Data excerpt —

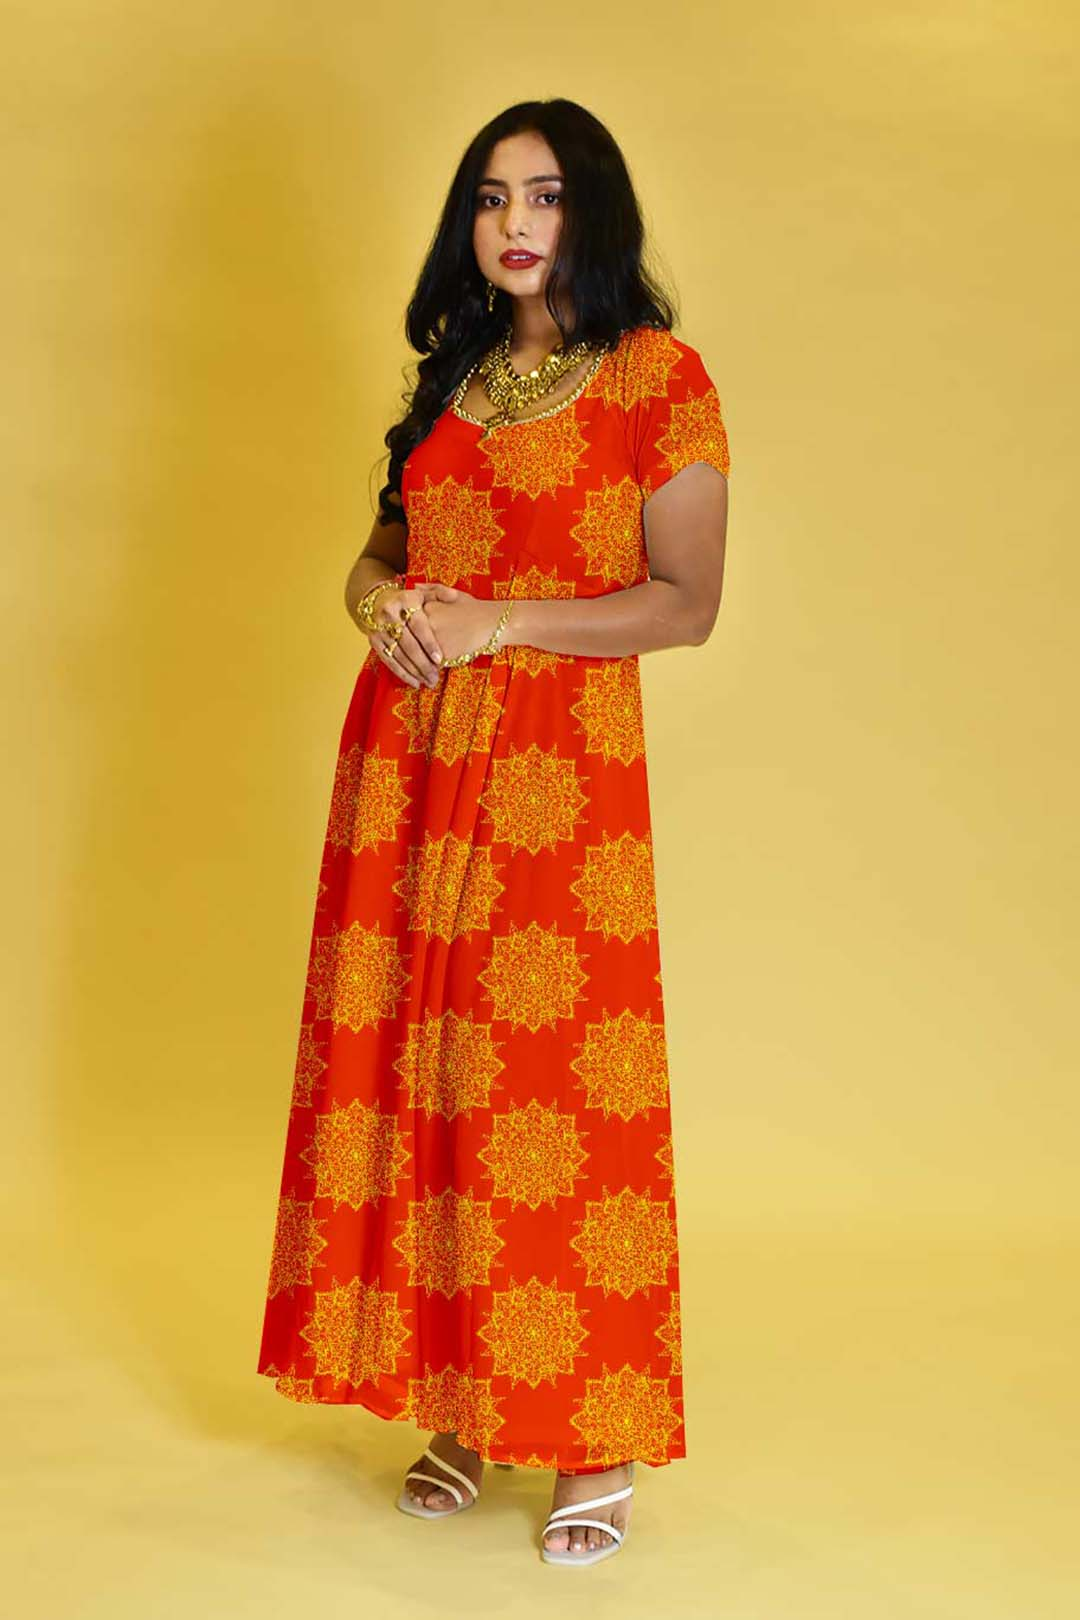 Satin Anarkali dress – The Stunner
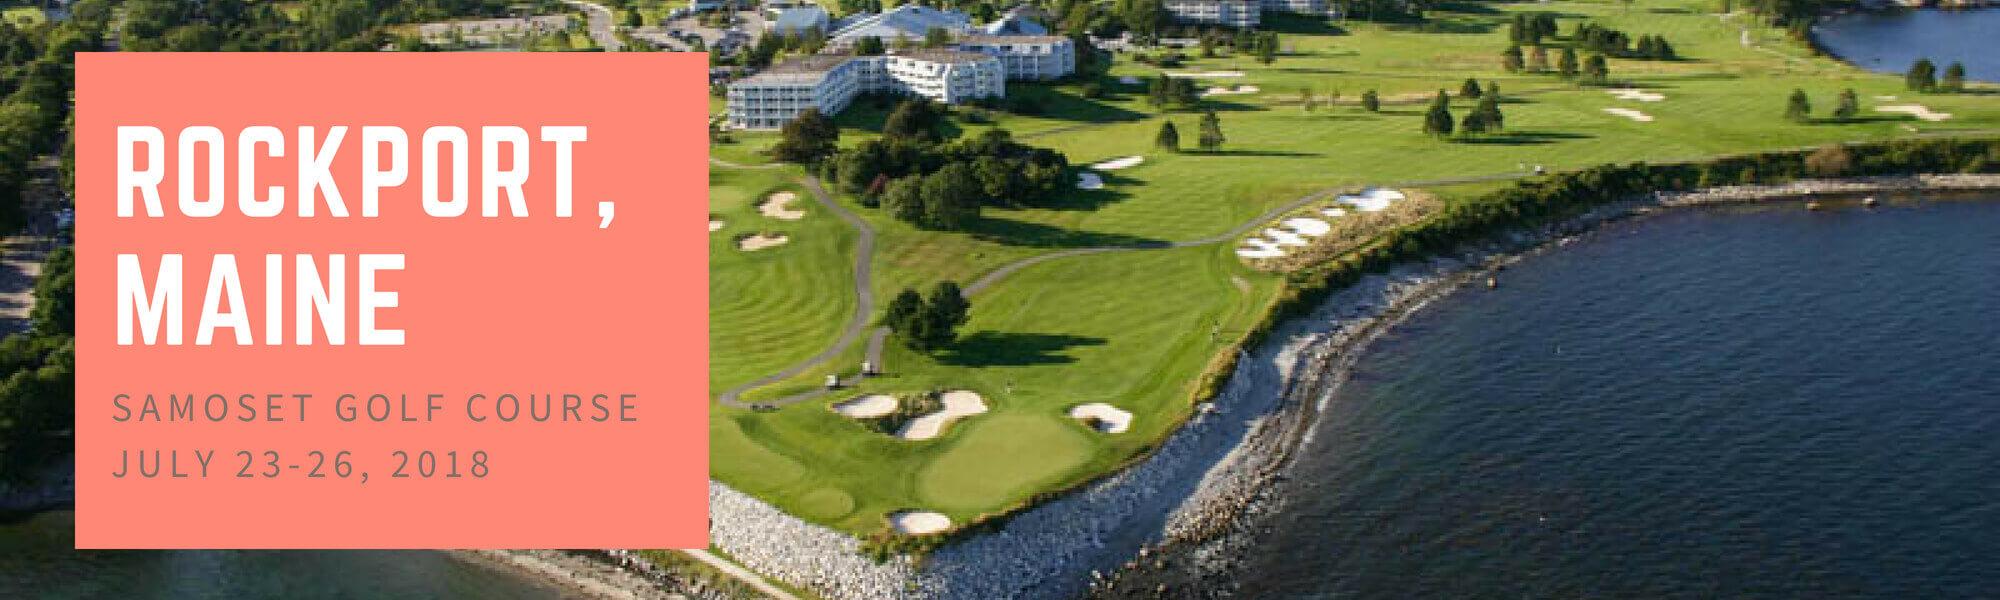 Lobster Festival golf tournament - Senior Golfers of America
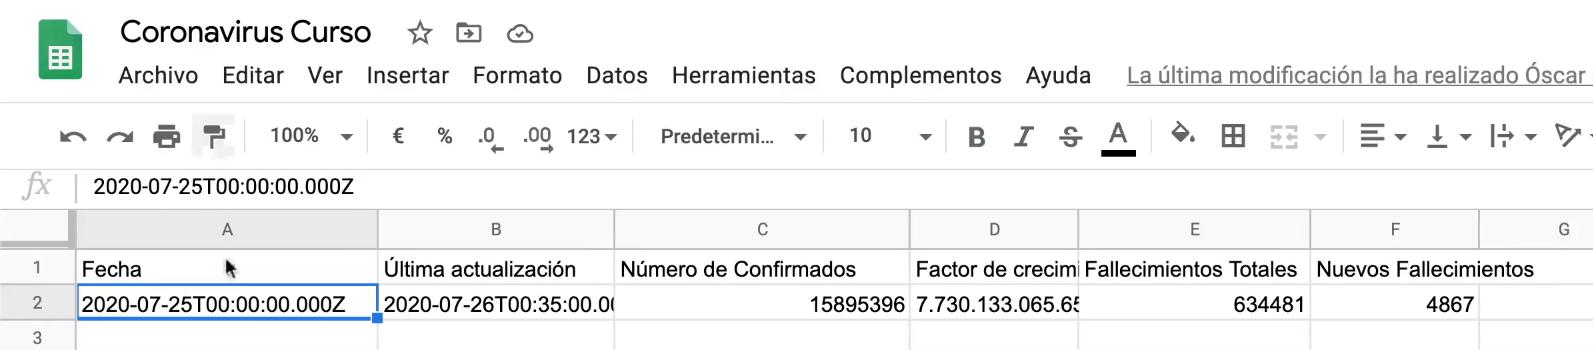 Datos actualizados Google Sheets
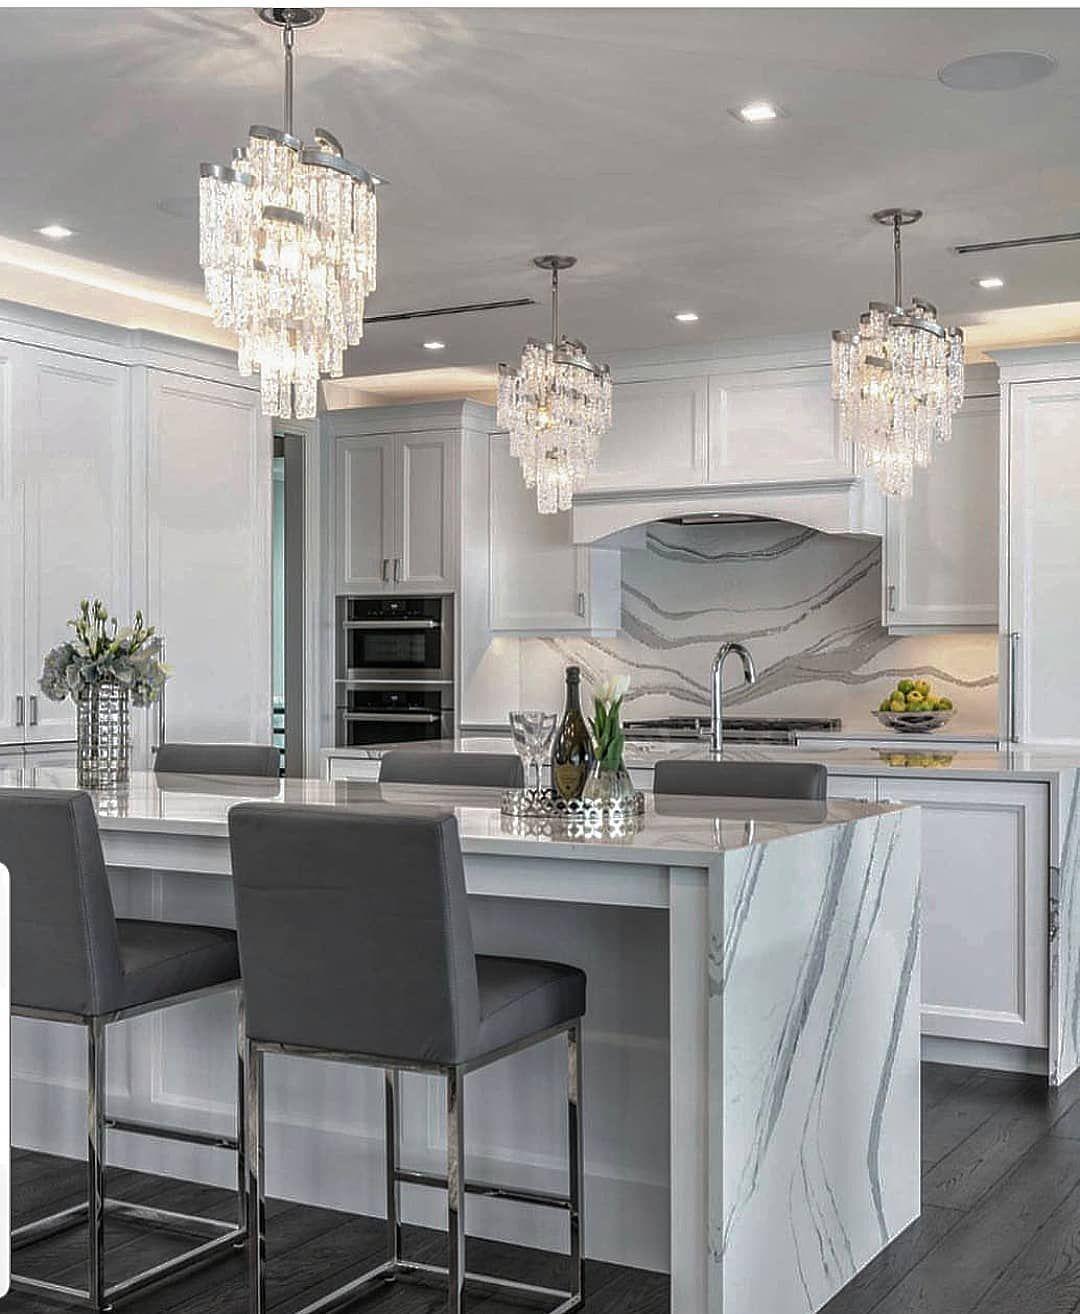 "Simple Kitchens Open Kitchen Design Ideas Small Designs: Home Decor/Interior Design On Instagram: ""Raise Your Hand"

What this task involves —
None of the pictures should appear; copy the rest of the material above exactly.

Output below —
 Satin Anarkali dress – The Stunner
 Lobster Festival golf tournament - Senior Golfers of America
 Datos actualizados Google Sheets
 "Simple Kitchens Open Kitchen Design Ideas Small Designs: Home Decor/Interior Design On Instagram: ""Raise Your Hand"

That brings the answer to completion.